Lord Bishop Heber offered him the post of a principal in Bishop's College Calcutta. Heber later wrote about Bhabani Charan in Narrative of a Journey Through the Upper Provinces of India, from Calcutta to Bombay (1824–25): "...the most conspicuous-a tall fine looking man, in a white muslin dress, speaking good English, and the editor of a Bengali newspaper, who appeared with a large silken and embroidered purse full of silver coins, and presented it to us....it was the relic of the ancient Eastern custom of never approaching a superior without a present.. ...a shrewd fellow, well acquainted with the country...his account of the tenure of lands very closely corresponded with what I had previously heard from others." Much later he became the finance minister of the tax office. He also went on pilgrimage and travelled to many places, throughout his life.
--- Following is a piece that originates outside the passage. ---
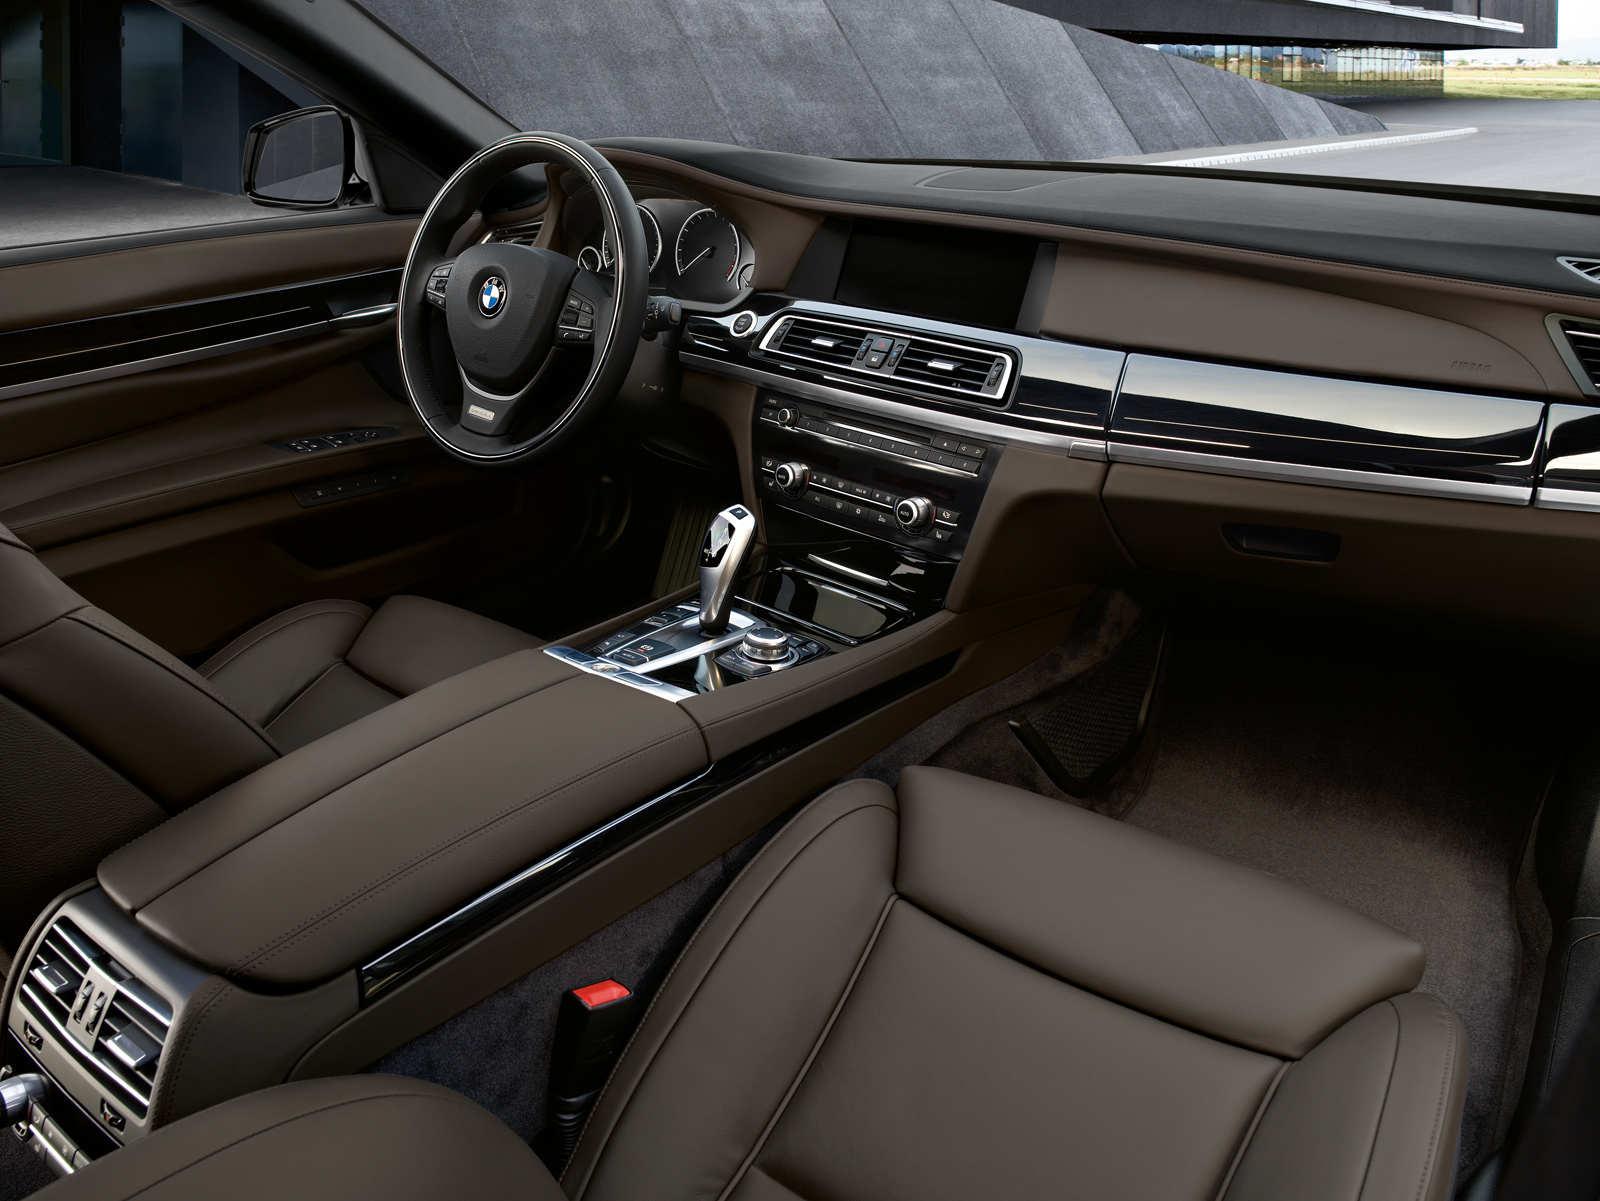 BMW F01 Cockpit

Bhabani Charan died on 20 February 1848. On 8 June 1848 issue of Friend of India, his death was lamented and the following was written:-“Friday, 2 June...the 'Dhurma Sabha' is about to print, and circulate among its friends, a memoir of its late able Secretary, Baboo Bhobany Churn Banerjee... We take great shame to ourselves for having neglected distinctly to notice the death of this native gentleman, one of the ablest men of the age; ...”.

J. C. Marshman wrote in the history of Serampore Mission: “...Bhobany Churun, a Brahmin of great intelligence and considerable learning though no pundit, but remarkable for his tact and energy, which gave him great ascendency among his fellow-countrymen...”.
In his Jeebancharit (or biography), it is said that he was a noble hearted and religious person, and one with a magnanimous personality.

==Establishment of the “Dharma Sabha”==
Being a conservative Hindu, Bhabani Charan wanted to prevent the breach between the old and new forms of religion in the society, taking sides with the former. He reprinted many scriptures in the form of ancient manuscripts with notes and glossary, on a kind of paper made of cotton pulp, and distributed them among the common people. He thought many young people were deviating from the traditional expectations of the conduct of a Hindu, due to their English education at the Hindu College, and wrote on the subject arguing against deviation from traditional norms.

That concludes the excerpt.